Anyone with social media knows Her Campus is the best place to get your fill of sorority news. They cover the deepest and hottest topics like “I Only Ate Lemons All Week-- My Journey to the Emergency Room”, “I Dressed like I was on the Streets of New York for a Week: Why Did No One Cat Call Me :( “, and “Is Girlboss a Slur???”!  Each year, tens of women flock into the FSU chapter of the organization and chug out article after article, covering different Topics yet astonishingly sounding the same in every article. The unique thing about Her Campus is that they produce loads of content with different topics yet they all look and sound the same! 

“Well, I saw their Instagram and knew it was the place for me. I have a shag and often pretend I’m Carrie Bradshaw,” began Eliza Holmes, first-year staff writer. “It has been great, but it’s had quite the effect on my life.” Holmes went into great detail regarding her once-a-week routine of “only” one line of coke (as a lady does) in the bathroom of GVO. But with Her Campus meetings and the articles she’s been writing, she’s skipped a few cola sessions. “I just feel better when I can keep my routine, ya know? I kind of thought they would let me write one article about which of Robert Pattinson’s holes is best-rated, but instead, I’m supposed to like, keep a schedule! Kinda lame.”

“How long has it been since any one of them has taken an English class,”  said Lauren Sheehan, a junior who is a first-year Editor within the program. “I have one woman who can’t spell, another who doesn’t quite fucking understand a semicolon, and the rest are lost causes.That being said, the mentioned women are my best writers.” We let her continue banging her head in peace in a Strozier Study room. Reports have been made that she’s been seen there for days. It’s so challenging for these girl bosses to keep slaying like they do (did we say that right?).

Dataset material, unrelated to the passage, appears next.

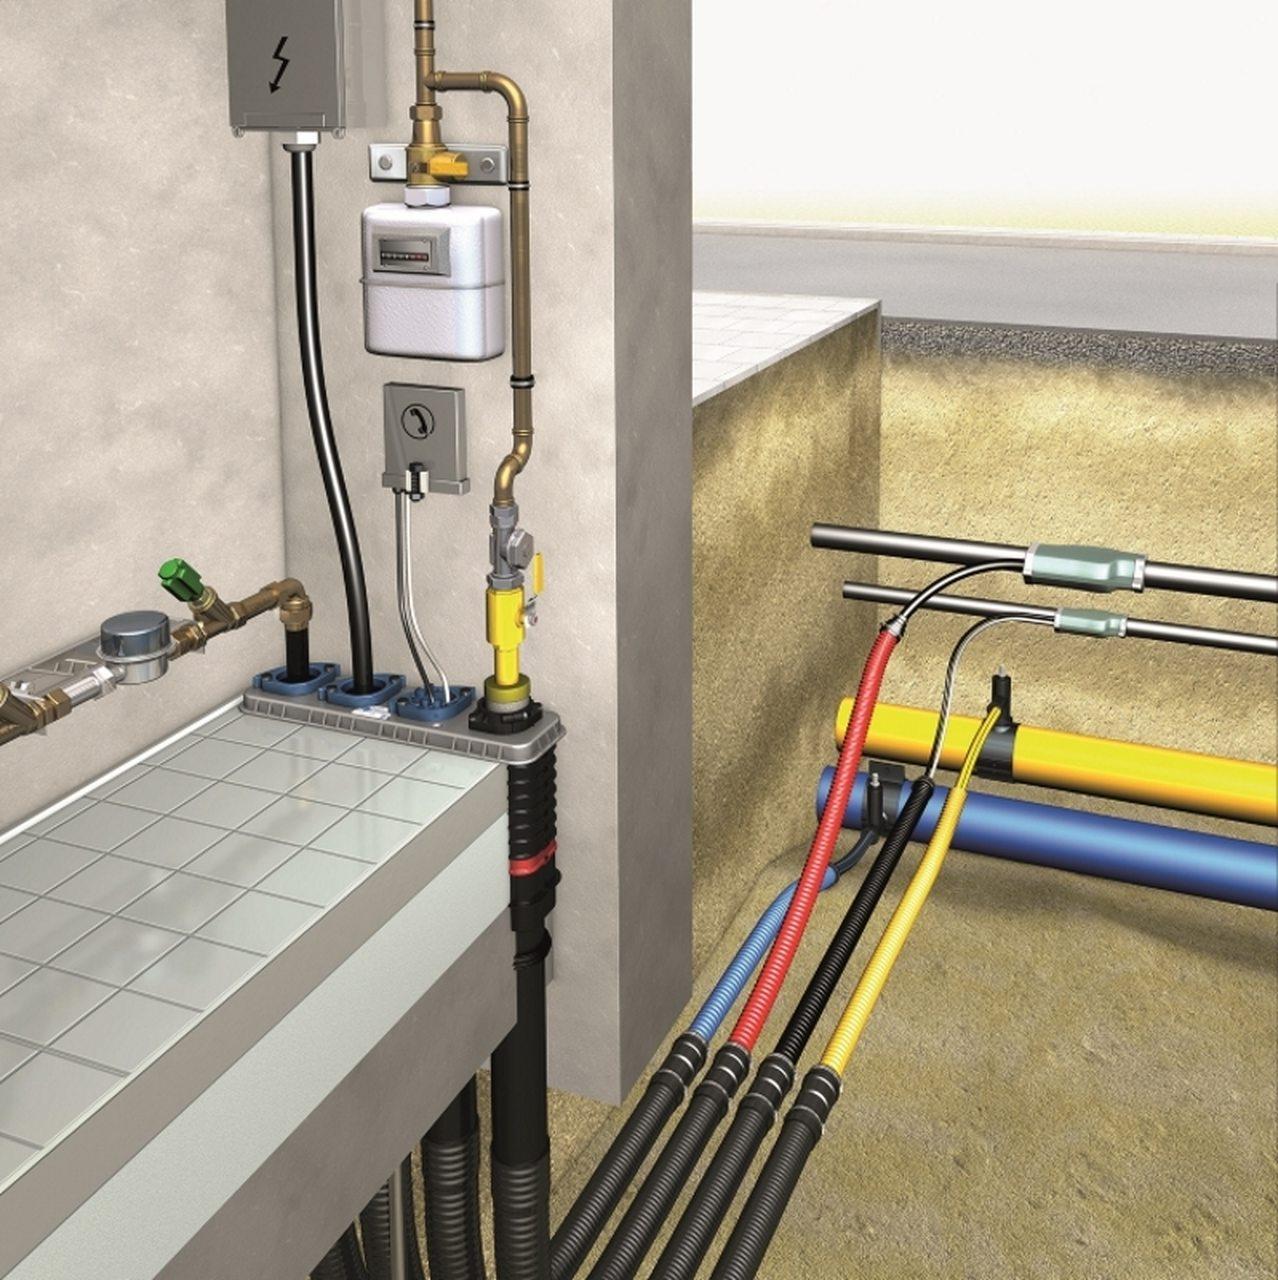 DOYMA Quadro-Secura BHP Mehrsparte Eco als Set (ohne Keller)

While people make a lot of fun, everyone does love Her Campus. Who else would fill the role of being the Buzzfeed Epitome of Campus organizations? Honestly, there isn’t a single person who ISN’T on the edge of their seats to have their Instagram stories and Twitter feed flooded over with photos of Timothee Chalamet edited onto a millennial pink Canva background! Her Campus just has that Pussy Pop explosion gunshot noises vibe any college-aged woman could want--to be a real writer, but to not actually be treated as one!